Нет зубов. Обвисла кожа.
(Зеркало роняет на пол.)
Вовремя сойти со сцены
Не желаем, не умеем.
Все Венеры и Елены
Изменяют нам с лакеем.
Видимость важнее сути,
Ибо нет другой приманки
Для великосветской суки
И для нищей оборванки.
Старость хуже, чем увечье.
Довело меня до точки
Страшное противоречье
Существа и оболочки…
Жить на этом свете стоит
Только в молодости. Даже
Если беден, глуп, нестоек,
Старость – ничего нет гаже!
Господи! Убей сначала
Наши страсти, наши жажды!
Неужели смерти мало,
Что ты нас караешь дважды?
Юный дух! Страстей порывы!
Ненасытные желанья!
Почему еще вы живы
На пороге умиранья?..
Неужели так, без спора,
Кончилась моя карьера?..
Каталина! Каталина!
(Входит Череп Командора.)
Череп
Здравствуй, кабальеро!
Сорок лет в песке и прахе
Я валялся в бездорожье…
Дон Жуан
(отпрянув в страхе).
Матерь божья! Матерь божья!
Кто ты?
Череп
Помнишь Анну?
Дон Жуан
Какая Анна?
Ах, не та ли из Толедо?
Ах, не та ли из Гренады?
Или та, что постоянно
Распевала серенады?
Помню, как мы с ней певали
В эти дивные недели!
Как она теперь? Жива ли?
Ах, о чем я, в самом деле!..
Что-то там с ее супругом
Приключилось ненароком.
Череп
Я не за расплатой.
Судит пусть тебя предвечный.
Расплатился ты утратой
Юности своей беспечной.
Старый череп Командора,
Я пришел злорадства ради,
Ибо скоро, очень скоро,
Ляжем мы в одной ограде;
Ибо скоро, очень скоро,
Ляжем рано средь тумана —
Старый череп Командора,
Старый череп Дон Жуана.
Дон Жуан
(смеясь)
Всего лишь!
Мстишь за старую интрижку?
Или впрямь ты мне мирволишь?
Иль пугаешь, как мальчишку?
Мне не страшно. На дуэли
Мог я сгинуть для забавы.
А теперь скрипят, как двери,
Старые мои суставы…
Череп
Смерть принять – не шлюху
Обнимать. А ты, презренный,
Дон Жуан
Я жизни тленной
Отдал все. И сей блаженный
Сон мне будет легче пуху.
Ни о чем жалеть не стоит,
Ни о чем не стоит помнить…
Череп
Крот могилу роет…
Собирайся.
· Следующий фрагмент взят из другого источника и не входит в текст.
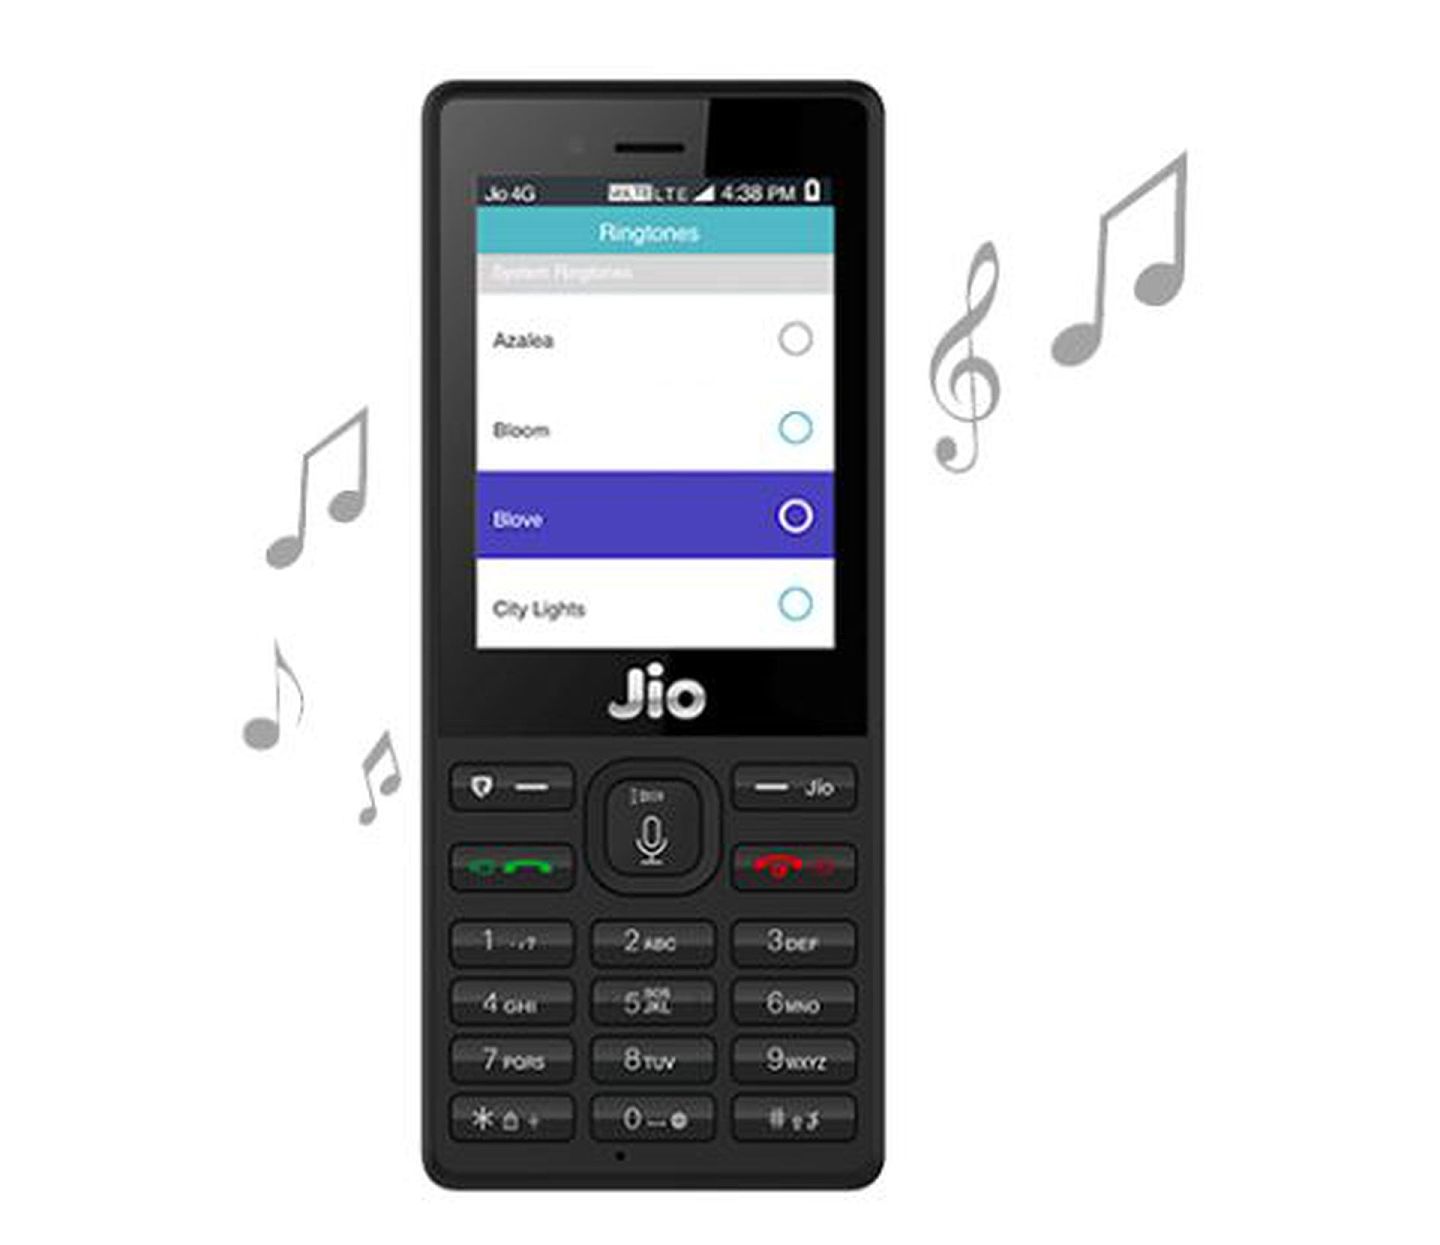 JIO手机价格低廉，内置“KaiOS”系统，该系统内置了Whatsapp、Youtube等常用软件，基本上满足了印度普通民众的沟通、娱乐需求。但外界也有观点认为，该机实为功能机，而非智能手机，它直接反映了印度数亿民众消费能力的低下。（JIO官网）

Скоро полночь.
Дон Жуан
Я все растратил,
Что дано мне было богом.
А теперь пойдем, приятель,
Ляжем в логове убогом.
И не будем медлить боле!..
Но скажи мне, Череп, что там —
За углом, за поворотом,
Там – за гранью?..
Череп
Что там?
Тьма без времени и воли…
«Я стал теперь зависим от погоды…»
Я стал теперь зависим от погоды,
Как некогда зависел от страстей.
Напоминает прежние походы
Ломота, гуд, бессонница костей.
Вот здесь в плече болота Лодвы ноют,
И мгинской стужей руку мне свело,
Осколок Склобы ногу беспокоит,
А что-то прочно вглубь меня вошло.
И ночью будит, и томит незримо,
И будоражит, не смыкая глаз.
И уж ничто не пролетает мимо,
А, словно пуля, задевает нас.
1960
«А вот и старость подошла…»
А вот и старость подошла
На цыпочках. Глаза прикрыла
Мои ладонями. Спросила:
– Кто я? – Не мог я угадать.
Она сказала:
– Я могила.
Она была так молода,
Что вовсе страшной не казалась.
Она беспечно улыбалась.
Переспросил:
– Ты старость?
– Да.
Александр Межиров1923–2009
«Все приходит слишком поздно…»
Все приходит слишком поздно,
И поэтому оно
Так безвкусно, пресно, постно,
Временем охлаждено.
Слишком поздно – даже слава,
Даже деньги на счету,
Ибо сердце бьется слабо,
Чуя бренность и тщету.
А когда-то был безвестен,
Голоден, свободен, честен,
Презирал высокий слог,
Жил, не следуя канонам, —
Ибо все, что суждено нам,
Вовремя приходит, в срок.
Булат Окуджава1924–1997
«К старости косточки стали болеть…»
К старости косточки стали болеть,
старая рана нет-нет и заноет.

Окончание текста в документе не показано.